PlzNavigate: Move navigation-level mixed content checks to the browser.

content/browser/frame_host/mixed_content_navigation_throttle.cc

+// Copyright 2017 The Chromium Authors. All rights reserved.
+// Use of this source code is governed by a BSD-style license that can be
+// found in the LICENSE file.
+
+#include "content/browser/frame_host/mixed_content_navigation_throttle.h"
+
+#include <algorithm>
+
+#include "base/memory/ptr_util.h"
+#include "content/browser/frame_host/frame_tree.h"
+#include "content/browser/frame_host/frame_tree_node.h"
+#include "content/browser/frame_host/navigation_handle_impl.h"
+#include "content/browser/frame_host/render_frame_host_delegate.h"
+#include "content/browser/renderer_host/render_view_host_impl.h"
+#include "content/common/frame_messages.h"
+#include "content/public/browser/content_browser_client.h"
+#include "content/public/browser/render_frame_host.h"
+#include "content/public/common/browser_side_navigation_policy.h"
+#include "content/public/common/content_client.h"
+#include "content/public/common/origin_util.h"
+#include "content/public/common/web_preferences.h"
+#include "net/base/url_util.h"
+#include "url/gurl.h"
+#include "url/origin.h"
+#include "url/url_constants.h"
+#include "url/url_util.h"
+
+namespace {
+
+using namespace content;
+
+// Should return the same value as SchemeRegistry::shouldTreatURLSchemeAsSecure.
+bool IsSecureScheme(const std::string& scheme) {
+  const std::vector<std::string>& secure_schemes = url::GetSecureSchemes();
+  return std::find(secure_schemes.begin(), secure_schemes.end(), scheme) !=
+         secure_schemes.end();
+}
+
+// Should return the same value as SchemeRegistry::shouldTreatURLSchemeAsSecure.
+bool HasPotentiallySecureScheme(const GURL& url) {
+  return IsSecureScheme(url.scheme());
+}
+
+// Should return the same value as SecurityOrigin::isLocal (and consequentially
+// SchemeRegistry::shouldTreatURLSchemeAsLocal).
+bool HasLocalScheme(const GURL& url) {
+  const std::vector<std::string>& local_schemes = url::GetLocalSchemes();
+  return std::find(local_schemes.begin(), local_schemes.end(), url.scheme()) !=
+         local_schemes.end();
+}
+
+// This reflects the result expected from SecurityOrigin::isUnique (not its
+// logic). It takes into account how SecurityOrigin::create might return unique
+// origins for URLS that cause SchemeRegistry::shouldTreatURLSchemeAsNoAccess to
+// return true.
+bool IsUniqueScheme(const GURL& url) {
+  const std::vector<std::string>& no_access_schemes = url::GetNoAccessSchemes();
+  return std::find(no_access_schemes.begin(), no_access_schemes.end(),
+                   url.scheme()) != no_access_schemes.end();
+}
+
+// Should return the same value as SecurityOrigin::isLocal and
+// SchemeRegistry::shouldTreatURLSchemeAsCORSEnabled.
+bool ShouldTreatURLSchemeAsCORSEnabled(const GURL& url) {
+  const std::vector<std::string>& cors_schemes = url::GetCORSEnabledSchemes();
+  return std::find(cors_schemes.begin(), cors_schemes.end(), url.scheme()) !=
+         cors_schemes.end();
+}
+
+// Should return the same value as SecurityOrigin::isSecure.
+bool SecurityOriginIsSecure(const GURL& url) {

[nasko, 2017/01/23 22:32:38]

nit: IsOriginSecure? We don't have "SecurityOrigin" concept in browser code,
which makes reading the name of this method a bit awkward.

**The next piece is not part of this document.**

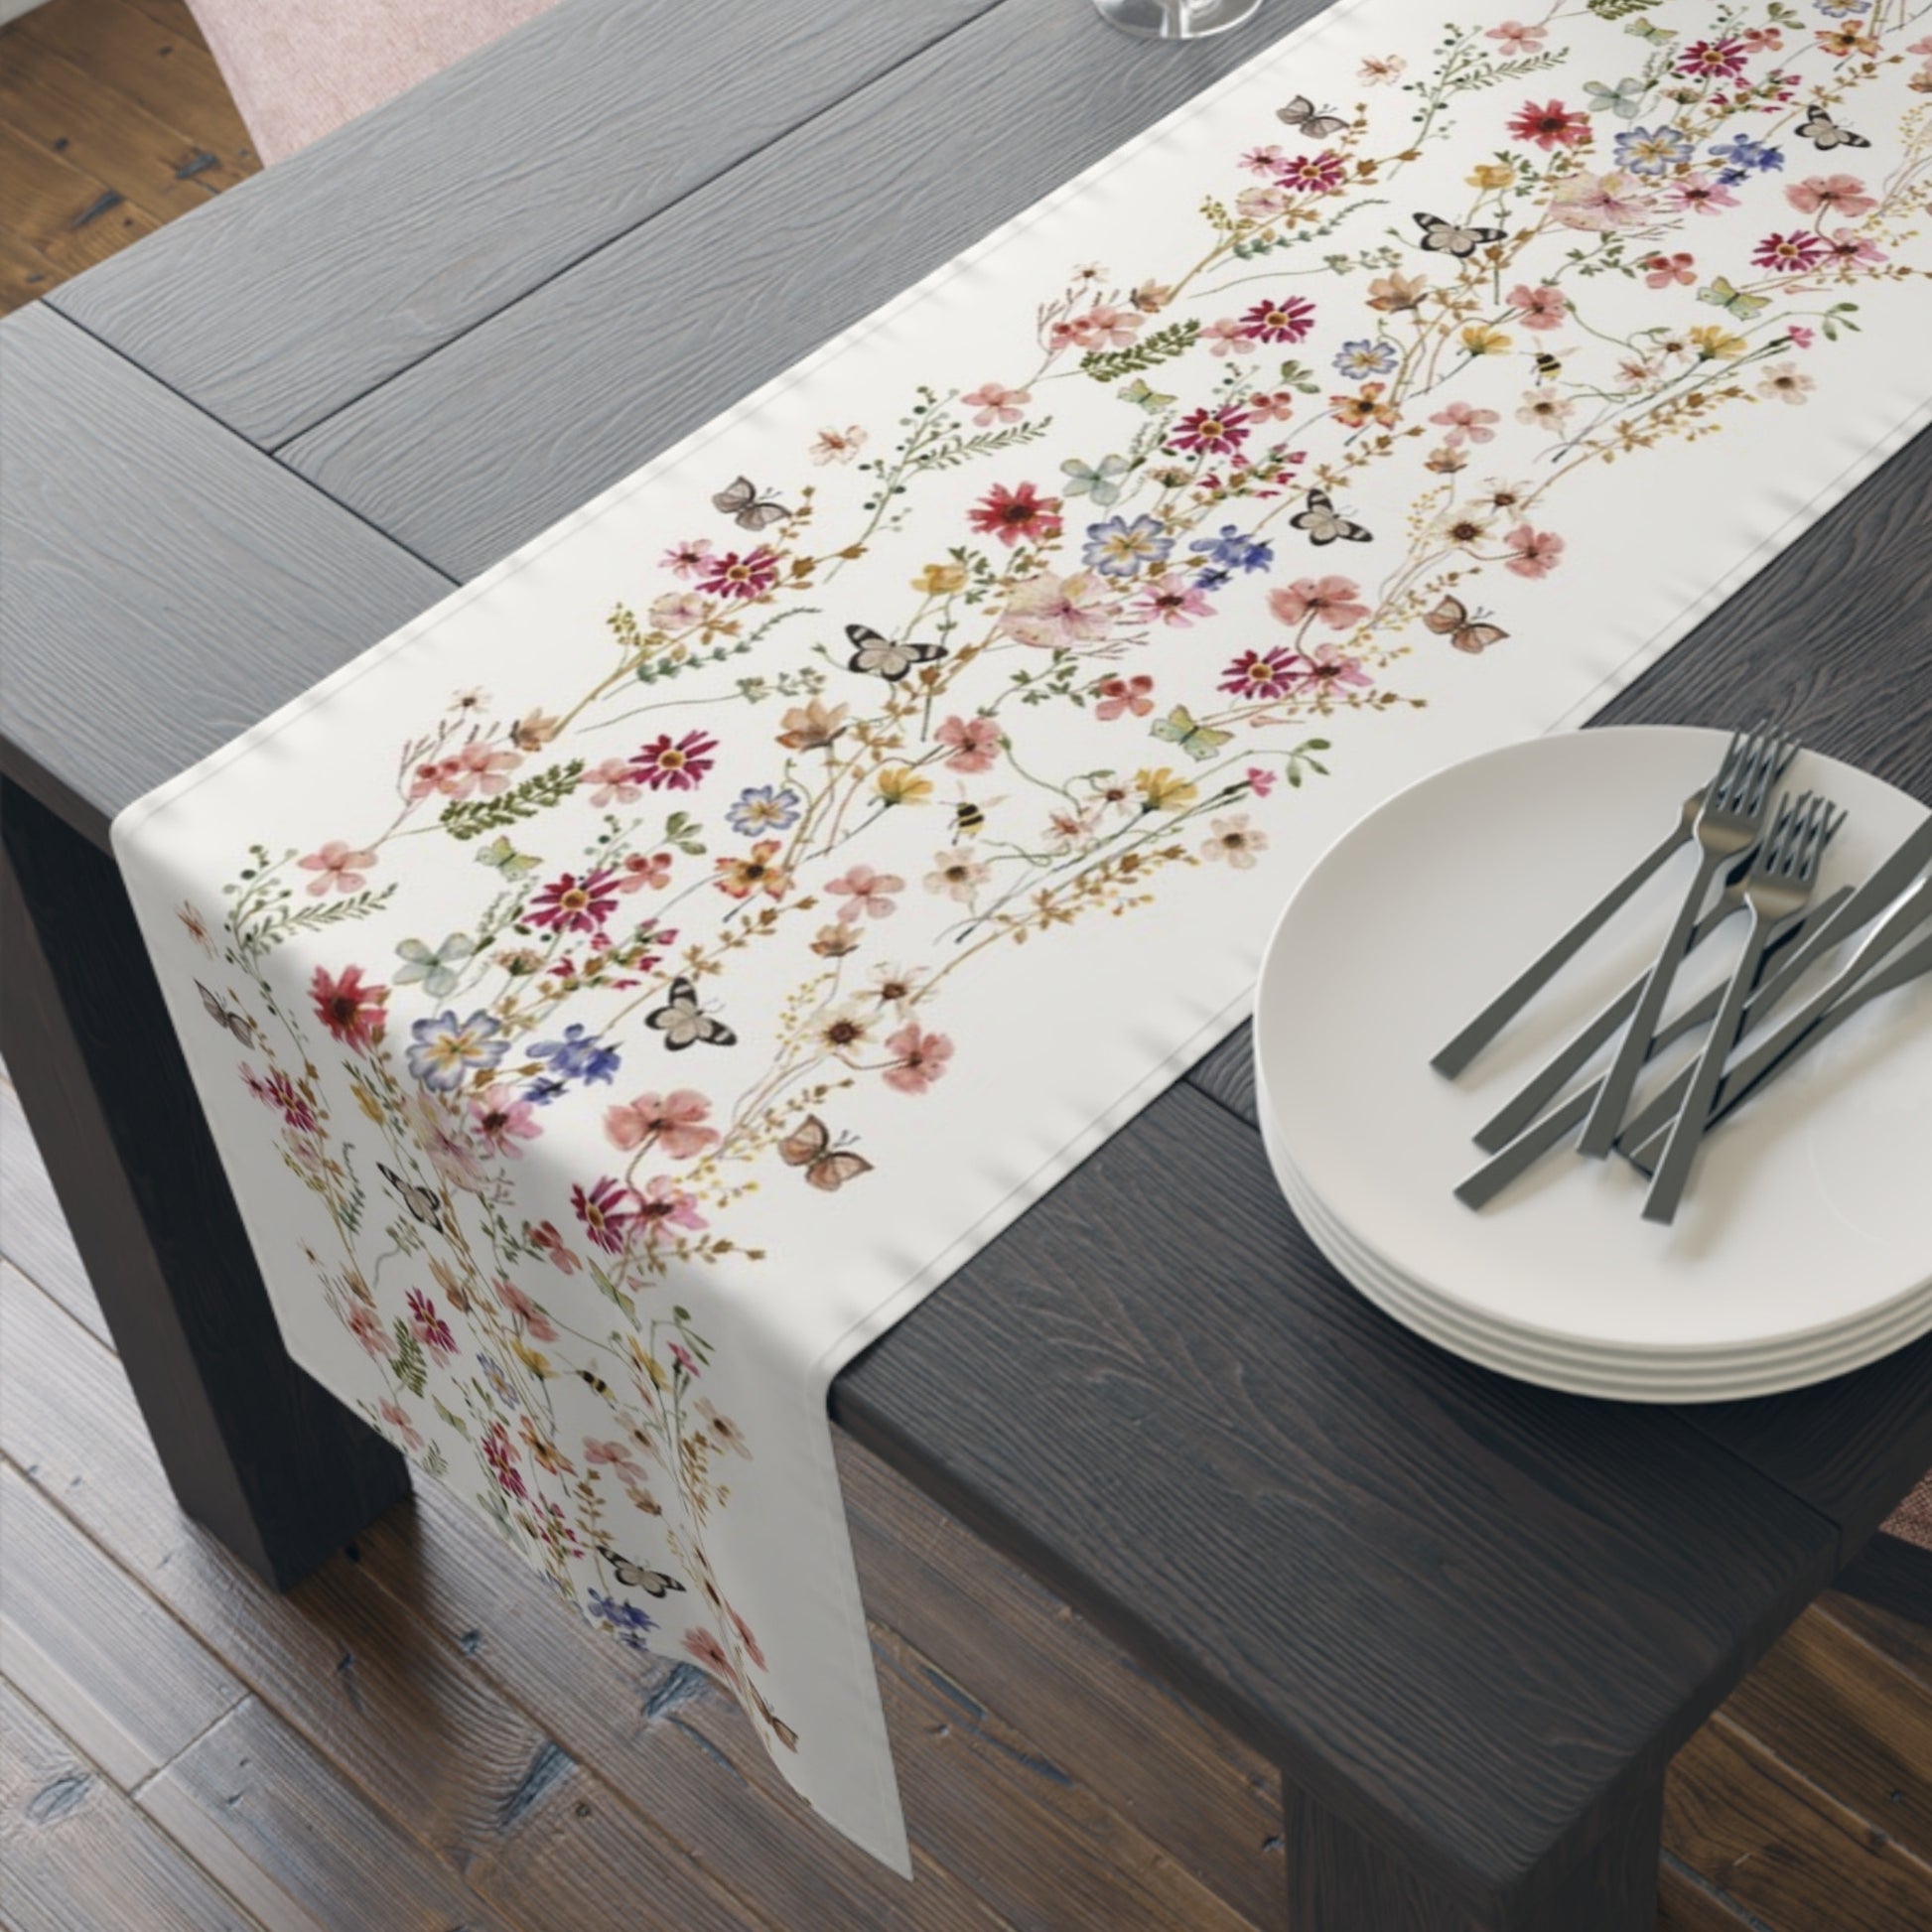 black wood table with Watercolor Pressed & Dried Wildflowers TABLE RUNNER from Blue Water Songs on it
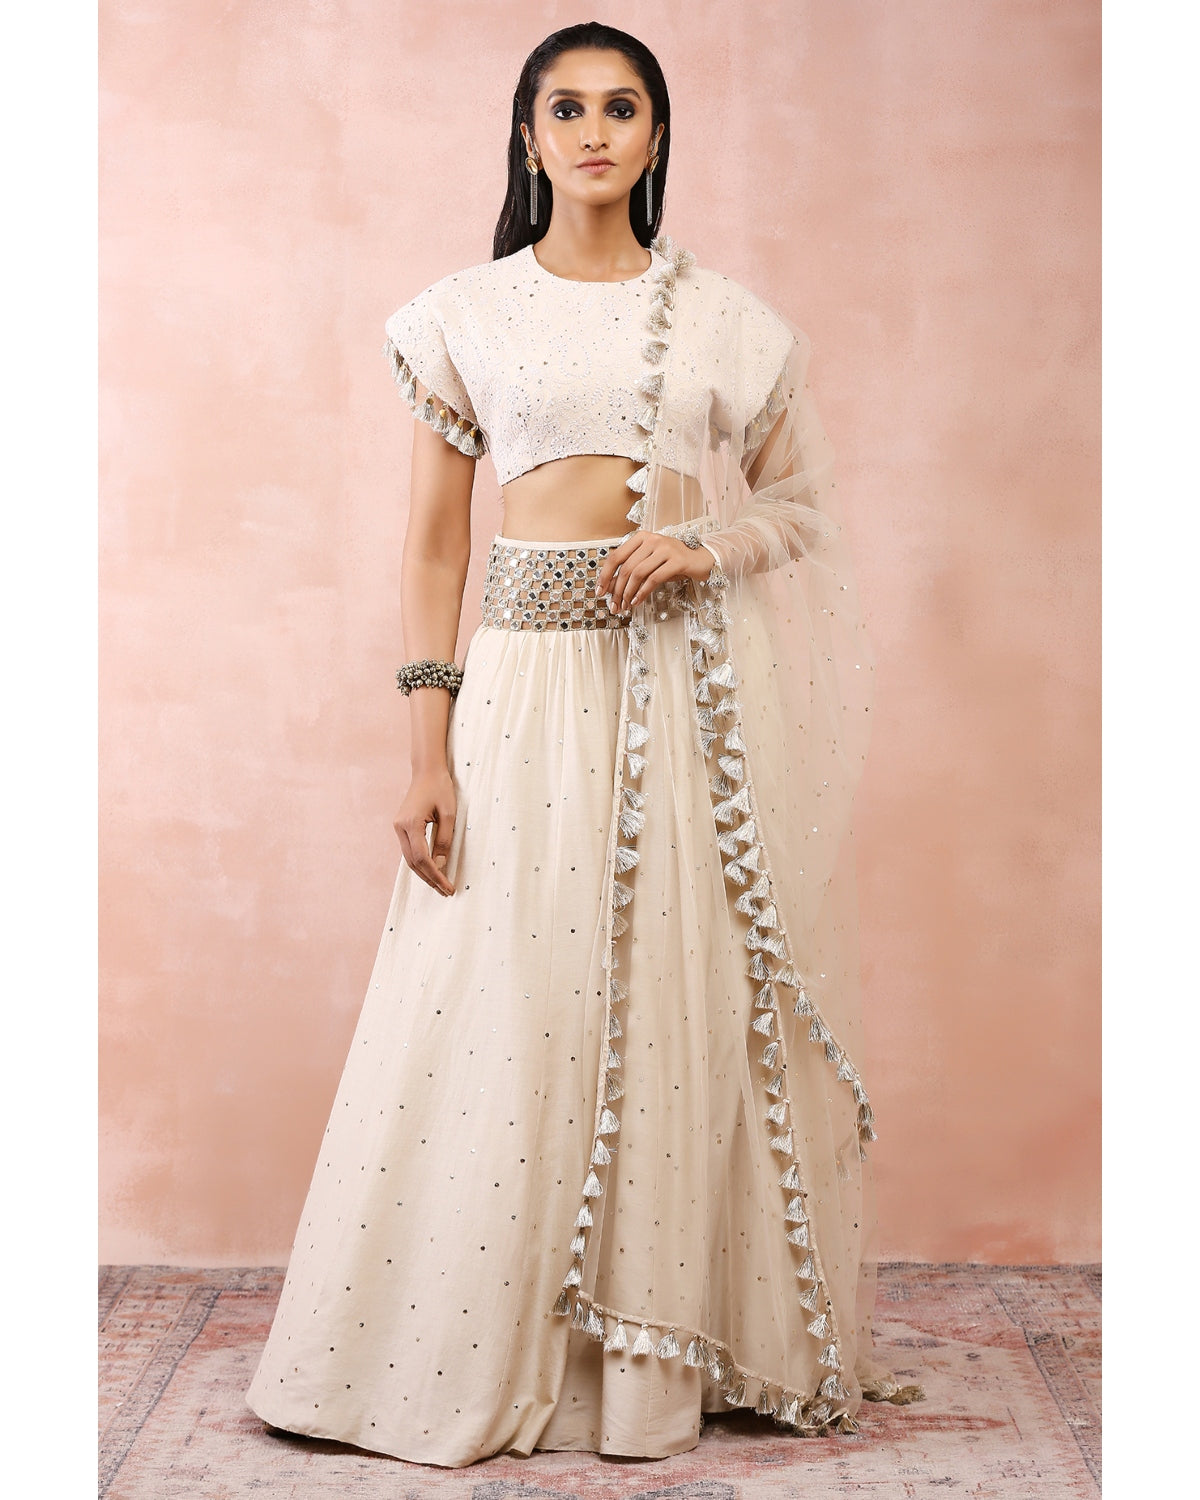 Cream Top With Embroidered Belt Lehenga And Dupatta by Payal Singhal

[carlosk, 2017/02/08 02:59:03]

Done.

+  return HasPotentiallySecureScheme(url) ||
+         (url.SchemeIsFileSystem() && url.inner_url() &&
+          HasPotentiallySecureScheme(*url.inner_url())) ||

[nasko, 2017/01/23 22:32:38]

Let's use a different code pattern for extracting the data from Filesystem and
Blob URLs, so we are consistent across the codebase. Once we have one of these,
we can construct an url::Origin from the URL and check its scheme. An example
can be seen in ExtensionNavigationThrottle::WillStartRequest.

[carlosk, 2017/02/08 02:59:03]

Done.

But looking at this again made me concerned about the SecurityOrigin
"uniqueness" aspect that is queried in the Blink implementation when it calls to
SecurityPolicy::isOriginWhiteListedTrustworthy. I did a lot of changes and I
think it is now properly done in the browser too.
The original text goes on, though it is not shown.